Former House Majority Leader Tom DeLay tried to pressure the Bush administration into shutting down an Indian-owned casino that lobbyist Jack Abramoff wanted closed -- shortly after a tribal client of Abramoff's donated to a DeLay political action committee, The Associated Press has learned.

The Texas Republican demanded closure of the casino, owned by the Alabama-Coushatta tribe of Texas, in a December 11, 2001, letter to then-Attorney General John Ashcroft. The Associated Press obtained the letter from a source who did not want to be identified because of an ongoing federal investigation of Abramoff and members of Congress.


It also may implicate John Cornyn.

Ashcroft never took action on the request. The Texas casino was closed the following year by a federal court ruling in a 1999 lawsuit filed by the state's attorney general, John Cornyn, now a U.S. senator.

Don't think it sounds dishonest enough yet? Think it may not have been pay for play but a legitimate political contribution? Well, I don't know, Delay and especially Ney may be in trouble.

Federal investigators have alleged that Representative 1 -- later identified as Rep. Bob Ney, R-Ohio -- agreed in June 2002 to introduce and pass a legislative provision that would eliminate a federal ban against commercial gaming for the Alabama-Coushatta "at Abramoff's request."

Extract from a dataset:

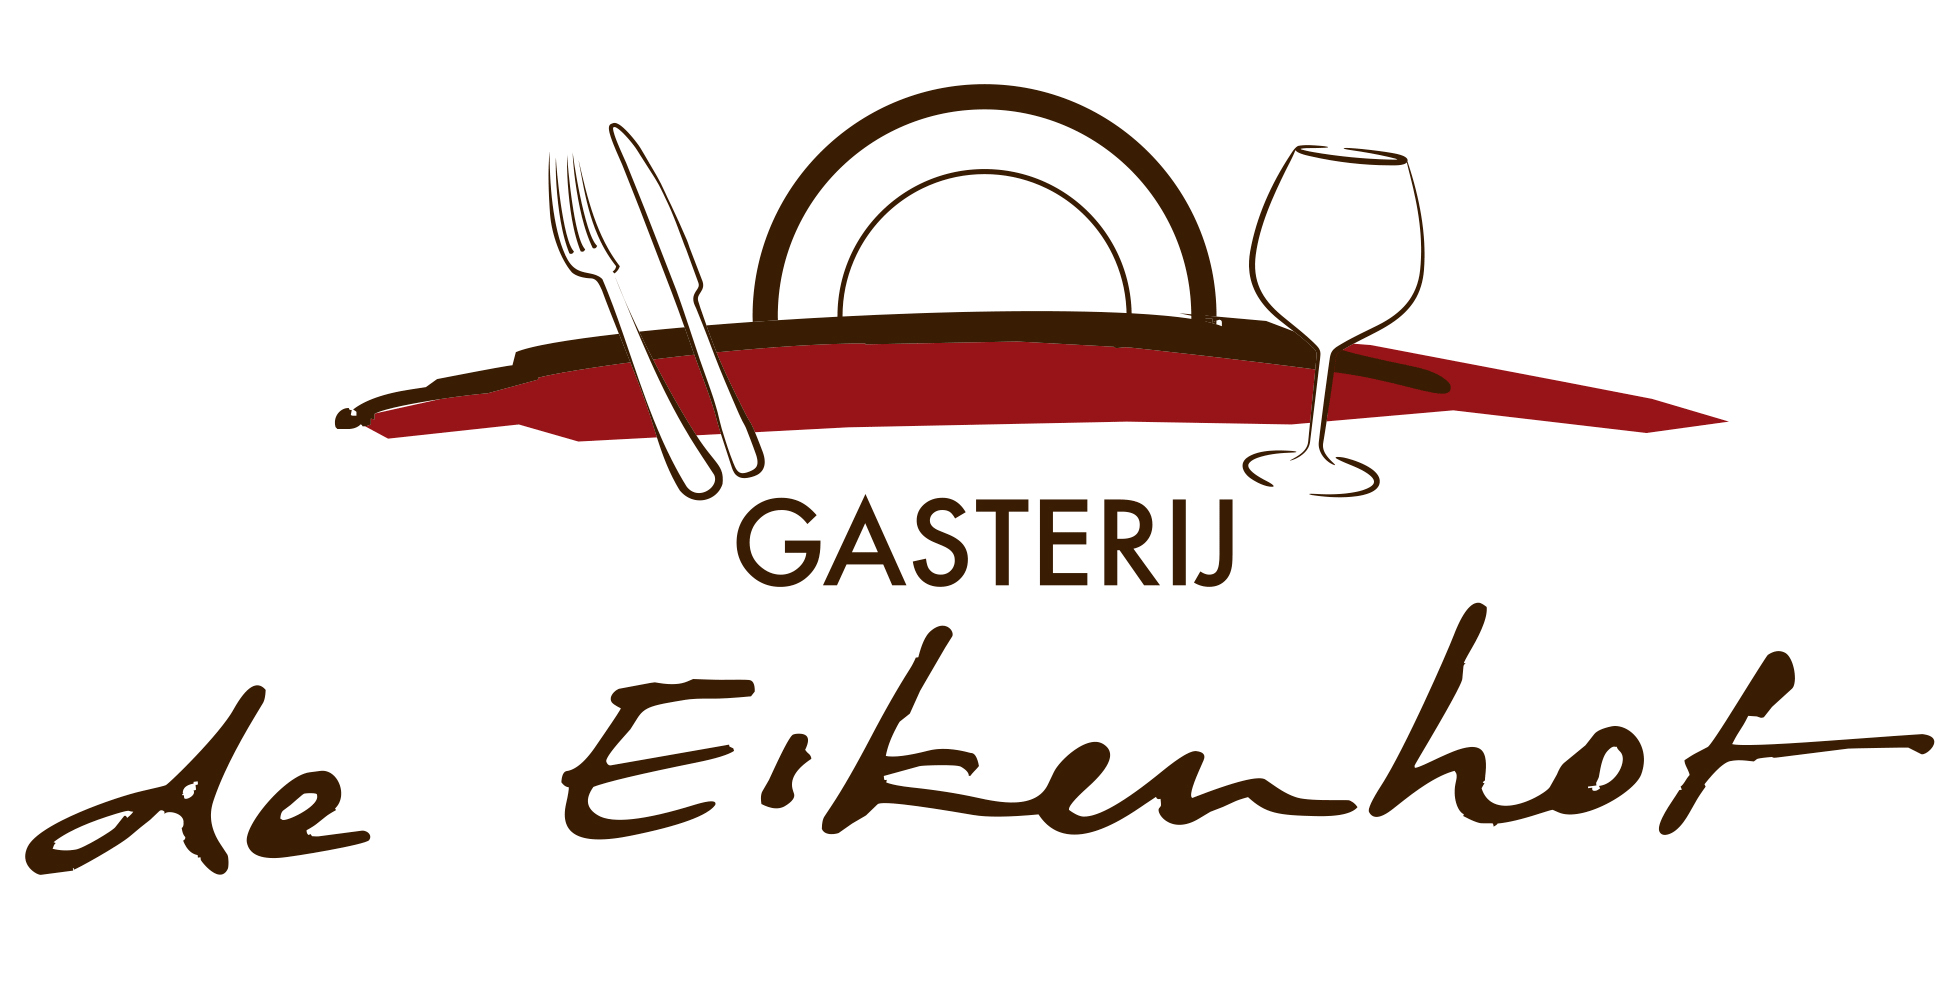 Gasterij de Eikenhof

Abramoff pleaded guilty to telling Ney in June 2002 that a client, the Tigua tribe of Texas, was raising money for Ney's trip to Scotland.
...
"We told them it was for a golfing trip and certain individuals from Congress were going to go that were going to help us with our cause," Hisa said. "Abramoff had told us even from the very beginning the entire thing was top secret. Only a few could know because the language was going to be sneaked in."